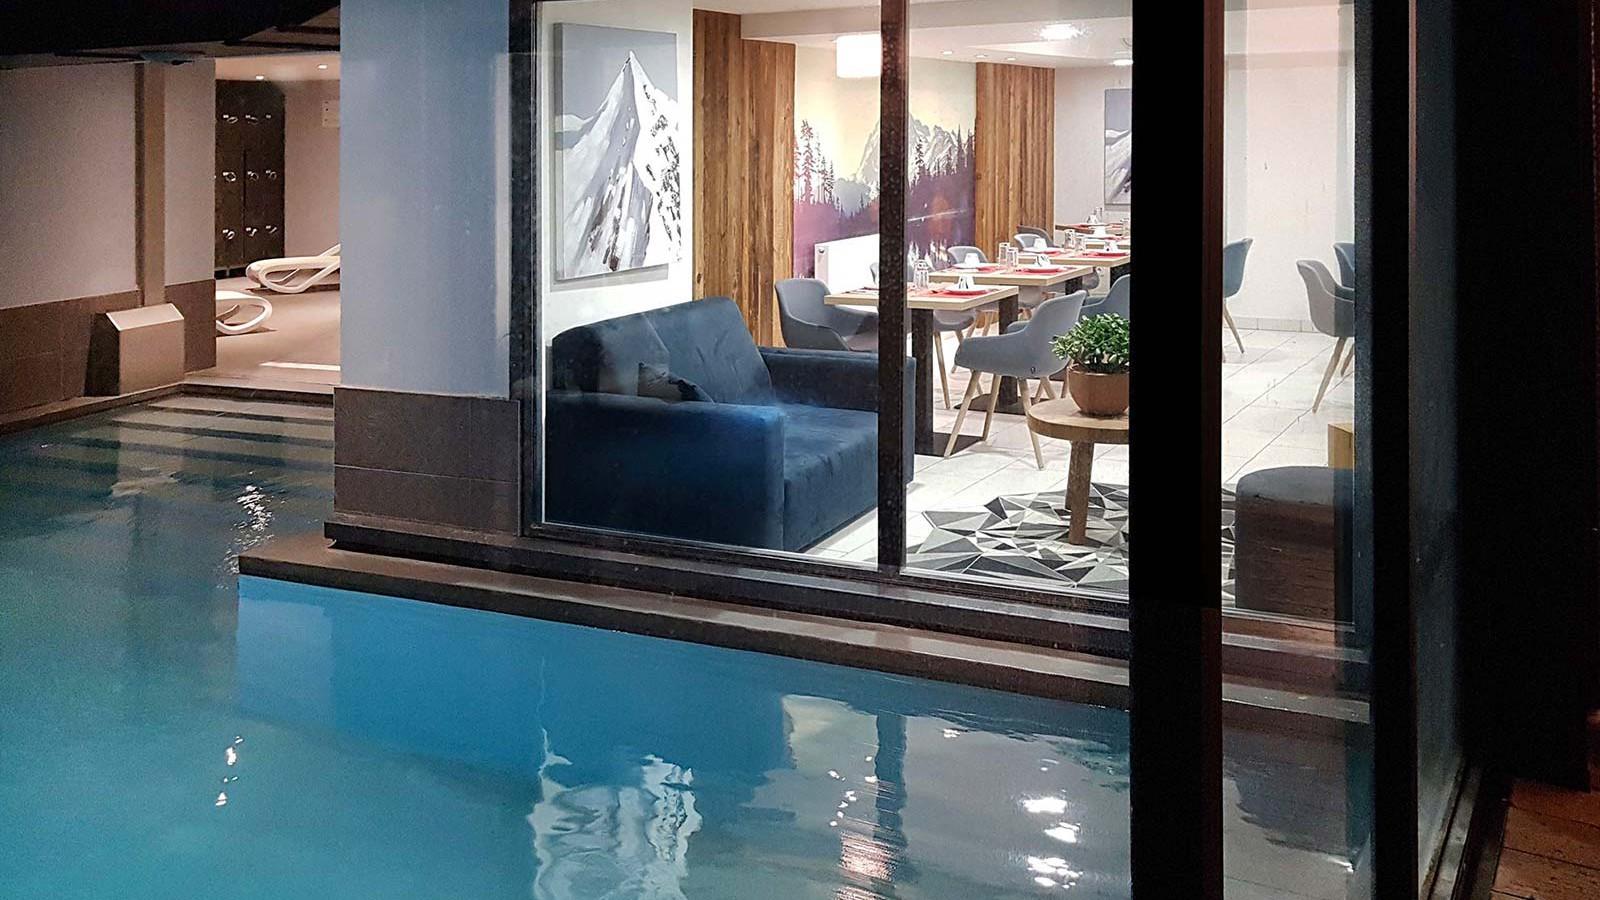 Residence Isatis - Self-catered apartment-chamonix-residence - pool
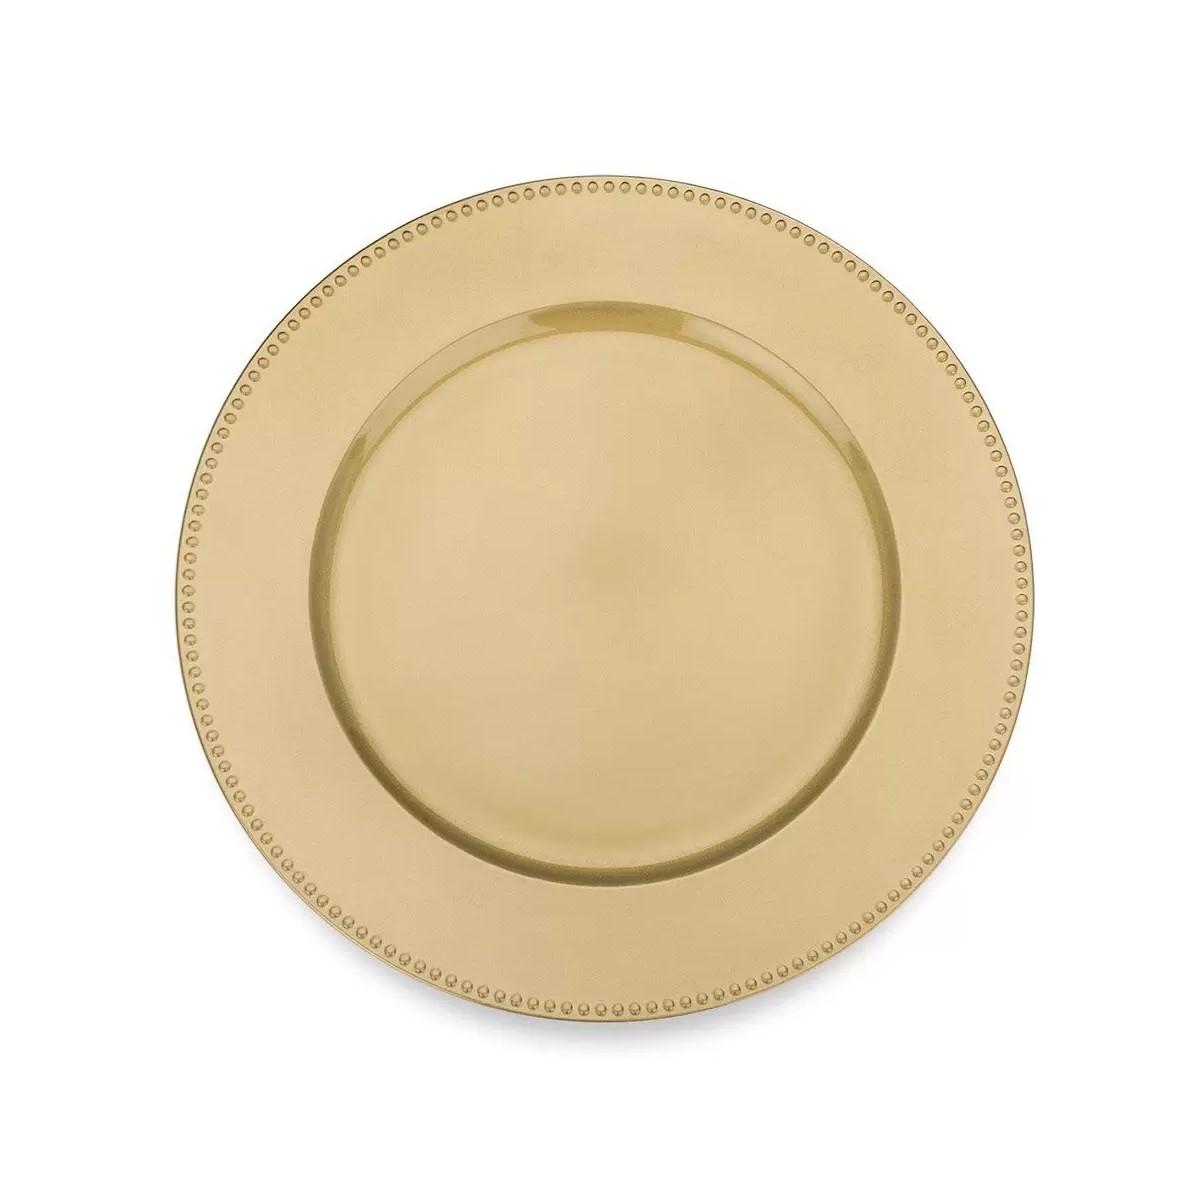 Sousplat Shine Dourado Ref:sp20204 - Mimo
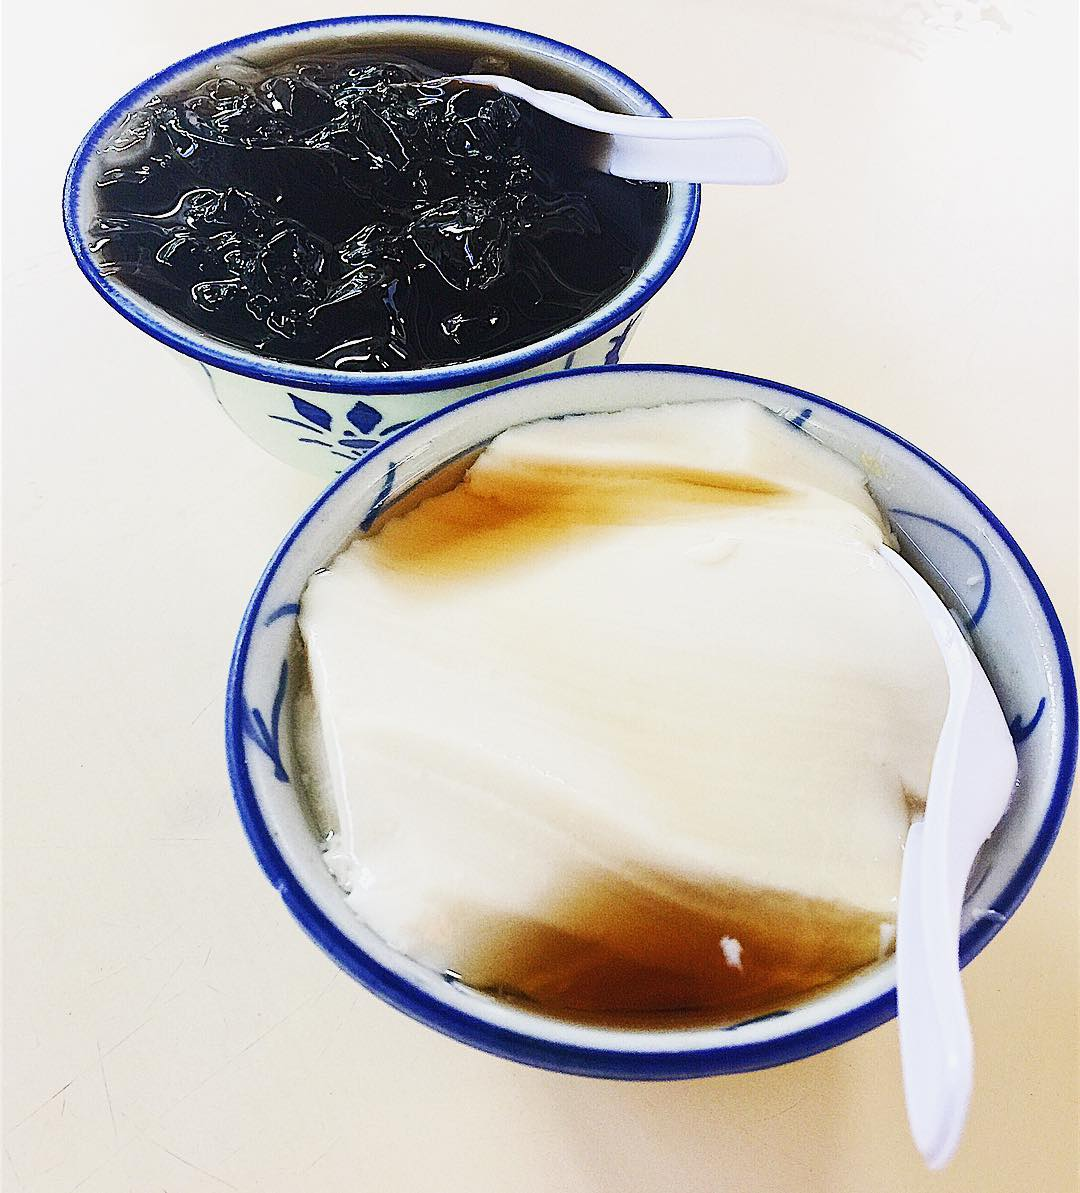 traditional Chinese dessert - tan soon mui-min
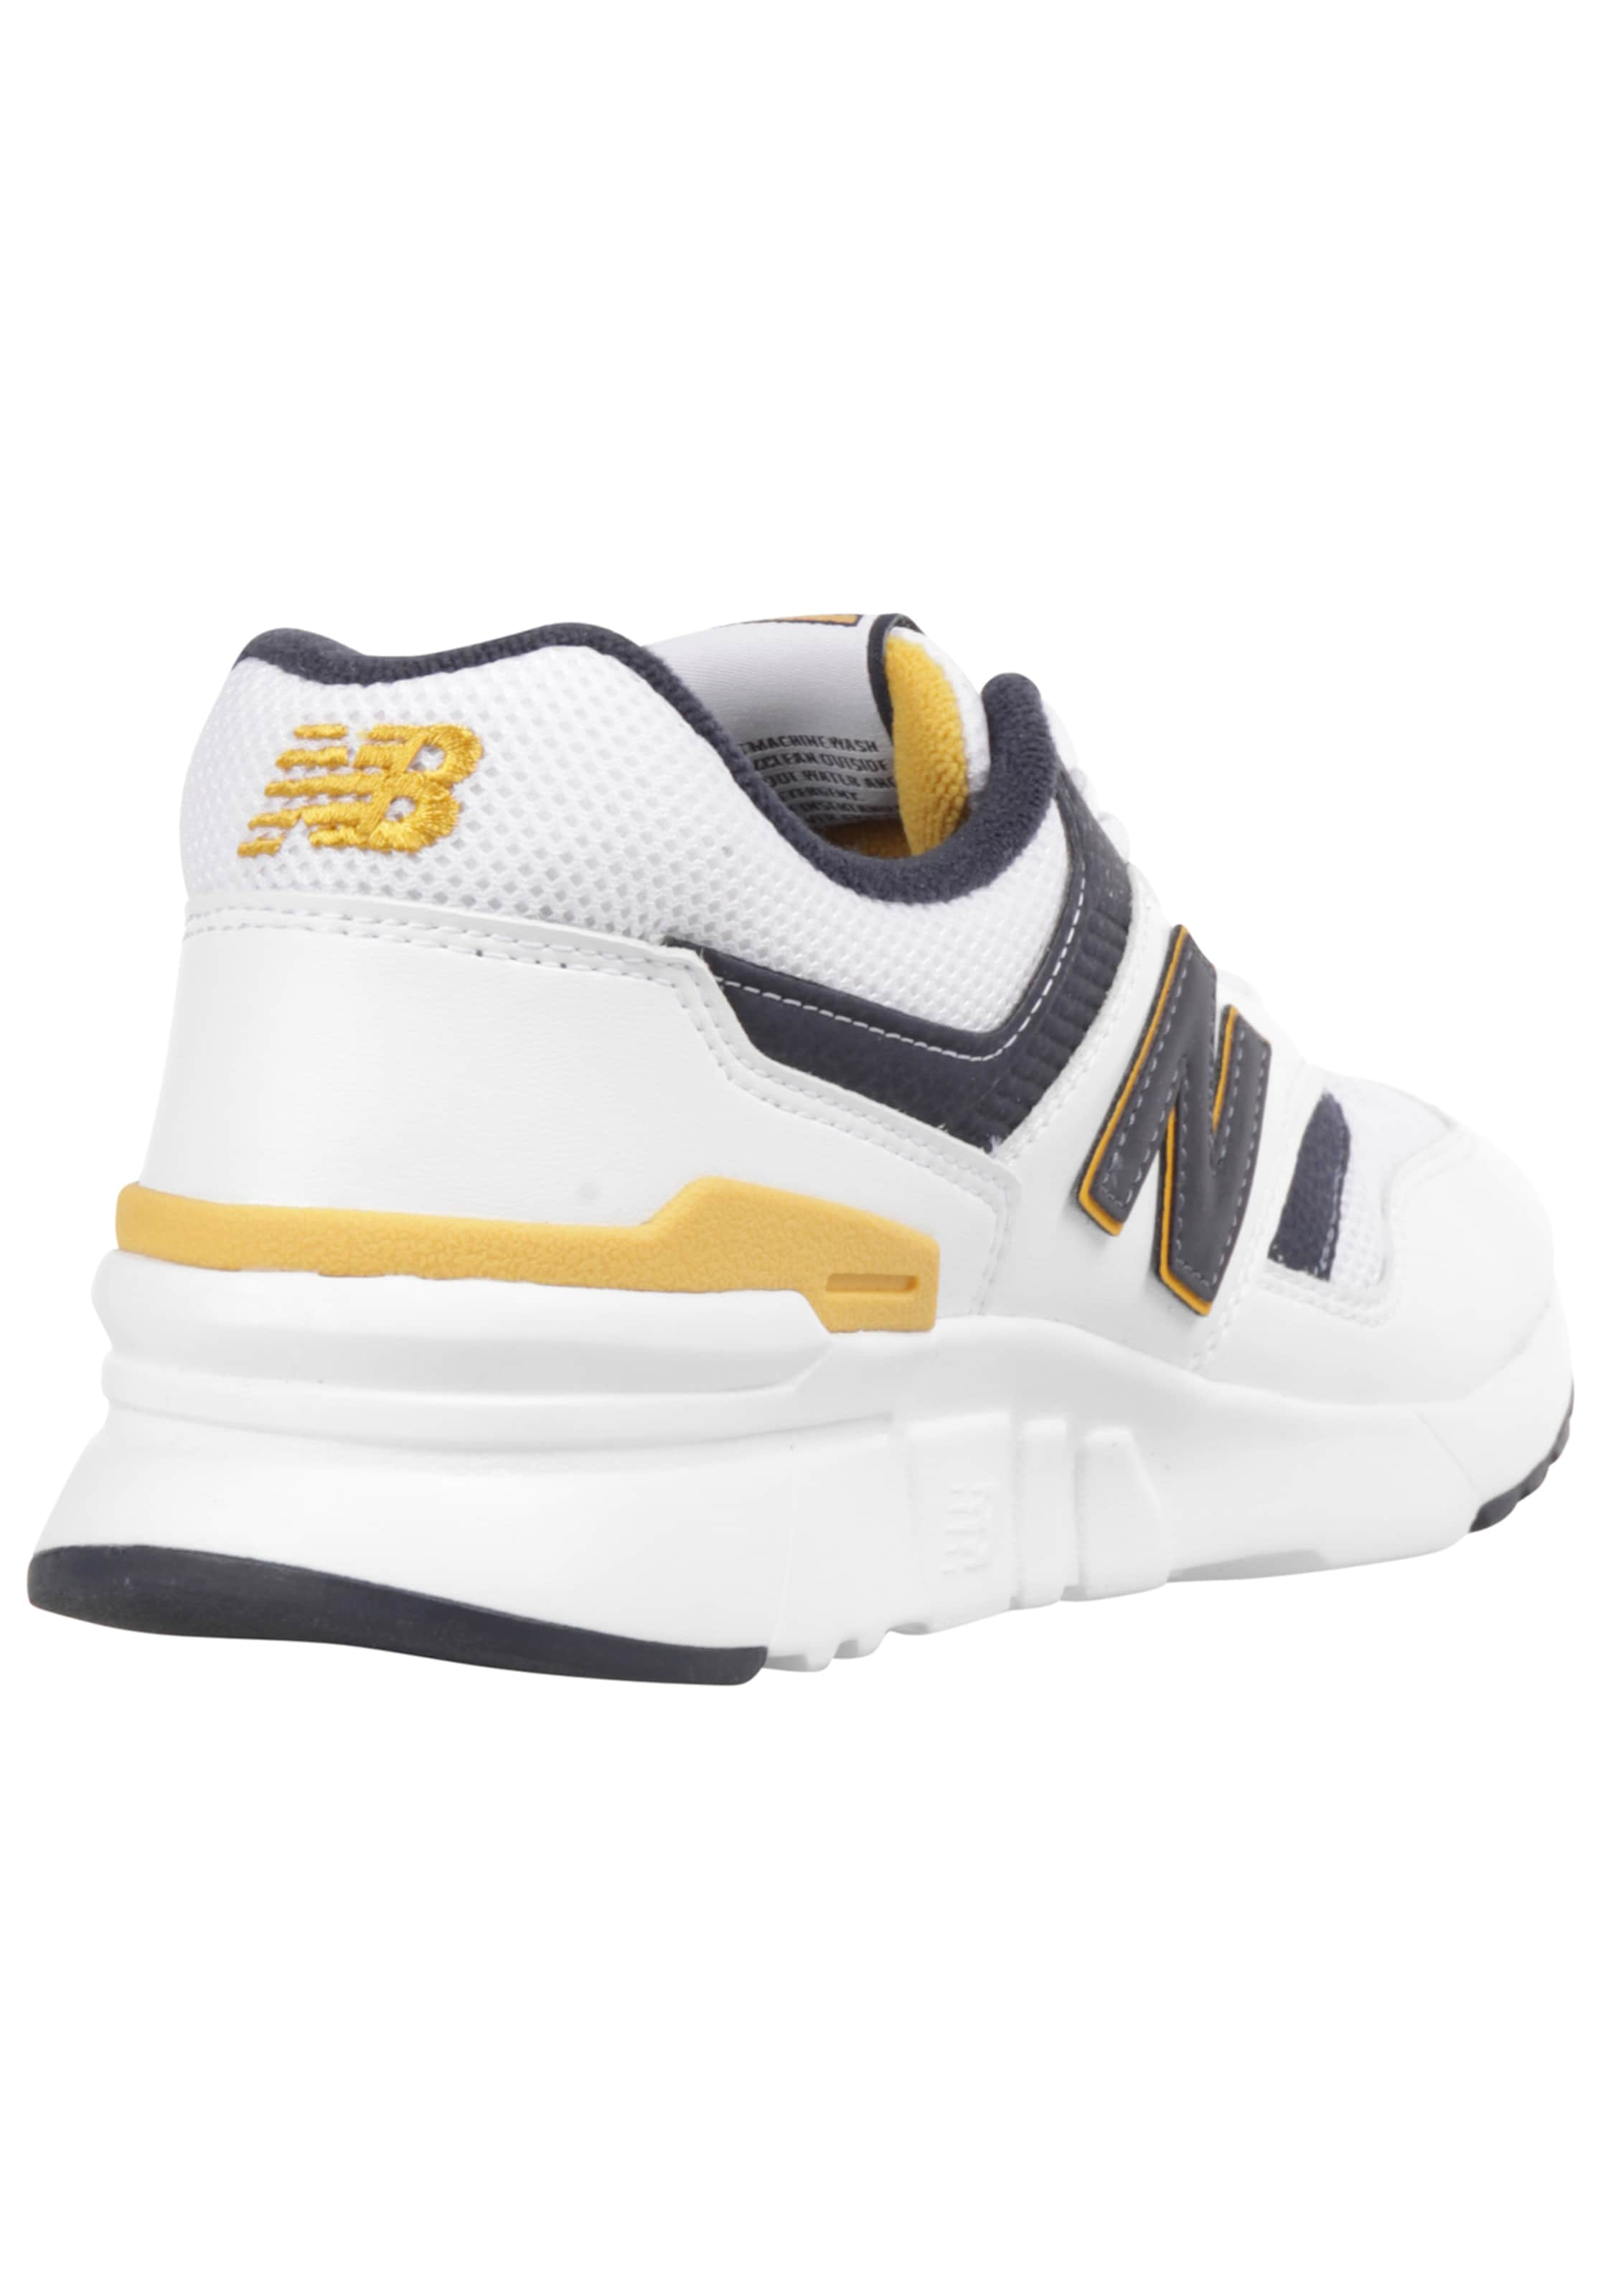 Balance DunkelblauDunkelgelb In Weiß Sneaker New PXTlwOikZu

> [Task goal]: Write every line of the data out again exactly, leaving out all images.

> [Task answer]:
 Residence Isatis - Self-catered apartment-chamonix-residence - pool
 Sousplat Shine Dourado Ref:sp20204 - Mimo
 traditional Chinese dessert - tan soon mui-min
 Balance DunkelblauDunkelgelb In Weiß Sneaker New PXTlwOikZu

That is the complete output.